Запрокинув голову, Скотт глядел на запачканную оранжевой краской ручку кисточки, торчащую из склянки гигантских размеров. Всего какой-то день тому назад он мог бы удержать кисточку в руках. Теперь же она была в десять раз длиннее его тела. Для него она стала огромной, полированной желтой дубиной, с острым, как нож, концом.
Раздался громкий щелчок, и погреб опять наполнился сравнимым с шумом океана ревом масляного обогревателя. Сердце забилось учащенно, но через некоторое время его биение снова стало ровным. Нет, никогда он не сможет привыкнуть к этому всегда неожиданному, как гром среди ясного неба, реву обогревателя. Но, впрочем, все равно, ведь мучиться осталось не больше четырех дней.

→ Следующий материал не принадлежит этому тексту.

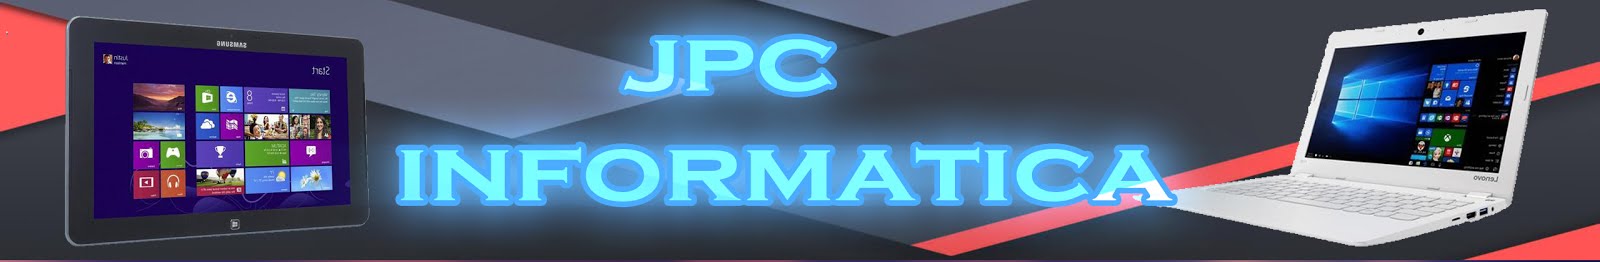                  JPC informatica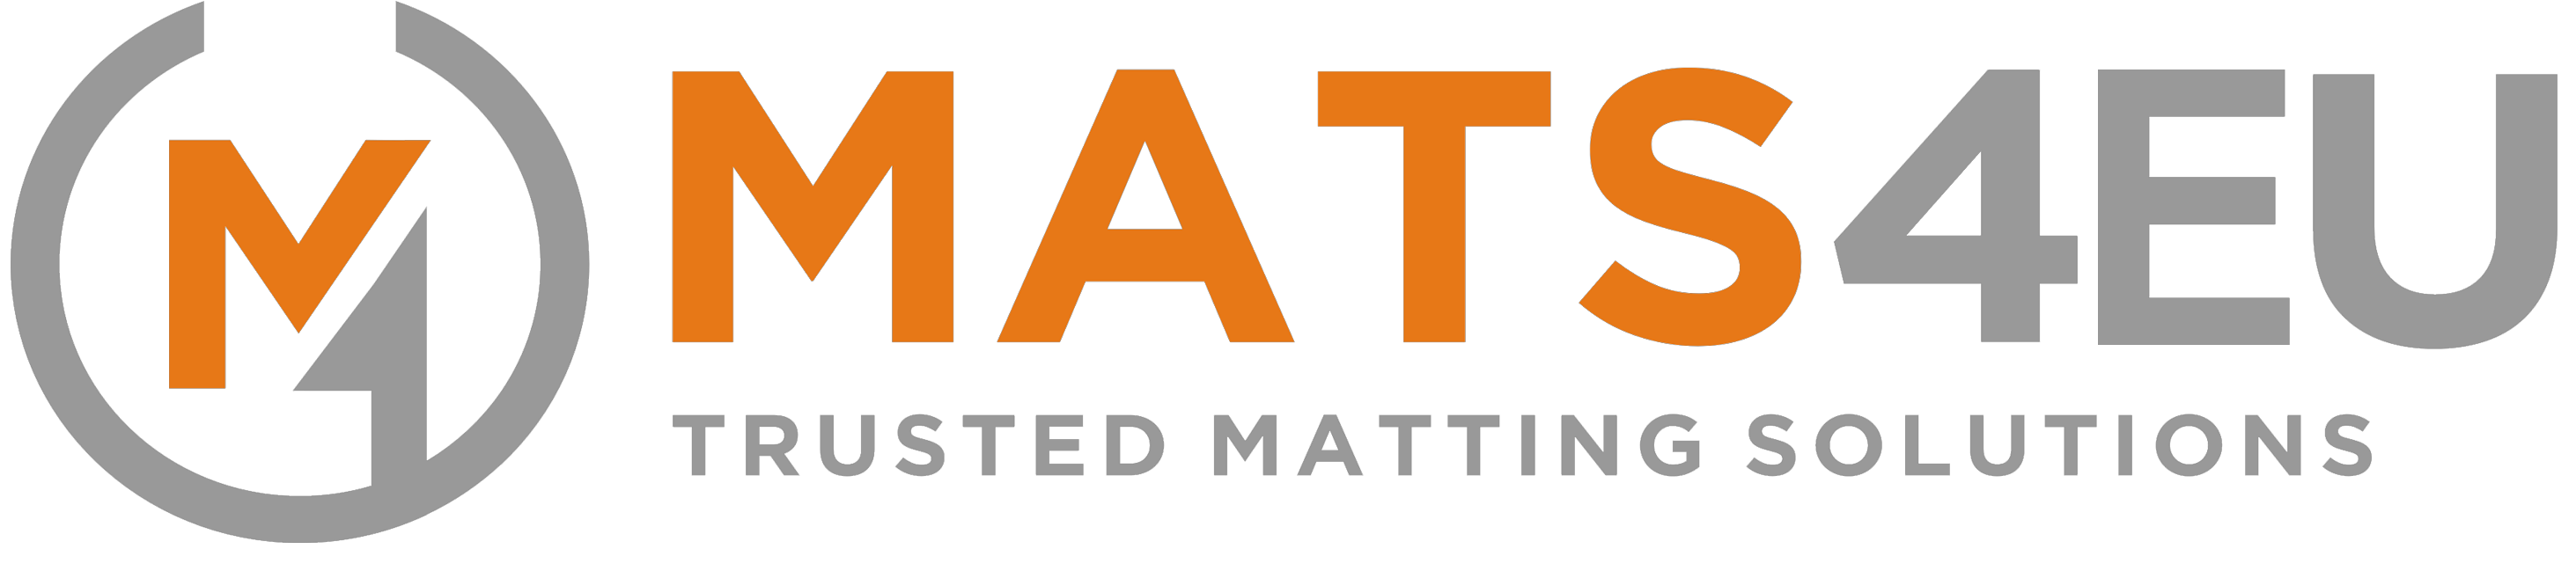 Mats4EU Logo Image

Ноги начали замерзать, нельзя было терять ни секунды. Пройдя между пустыми банками из-под краски, похожими на неуклюжих монстров, он вышел к свисающей перепутанными кольцами с крышки холодильника веревке толщиной с его тело.
Вот уж настоящее везение. Рядом с высящейся, как башня, коричневой бутылкой из-под скипидара Скотт нашел мятую тряпку розового цвета.
Судорожно обмотал часть ее вокруг тела, подоткнул под ноги, а на оставшуюся свободной часть лег спиной, ощутив под собой ее морщинистую поверхность и провалившись в нее, как в перину. От тряпки густо пахло краской и скипидаром, но ему уже было все равно. Укутавшись, он вскоре погрузился в ласковые объятия тепла.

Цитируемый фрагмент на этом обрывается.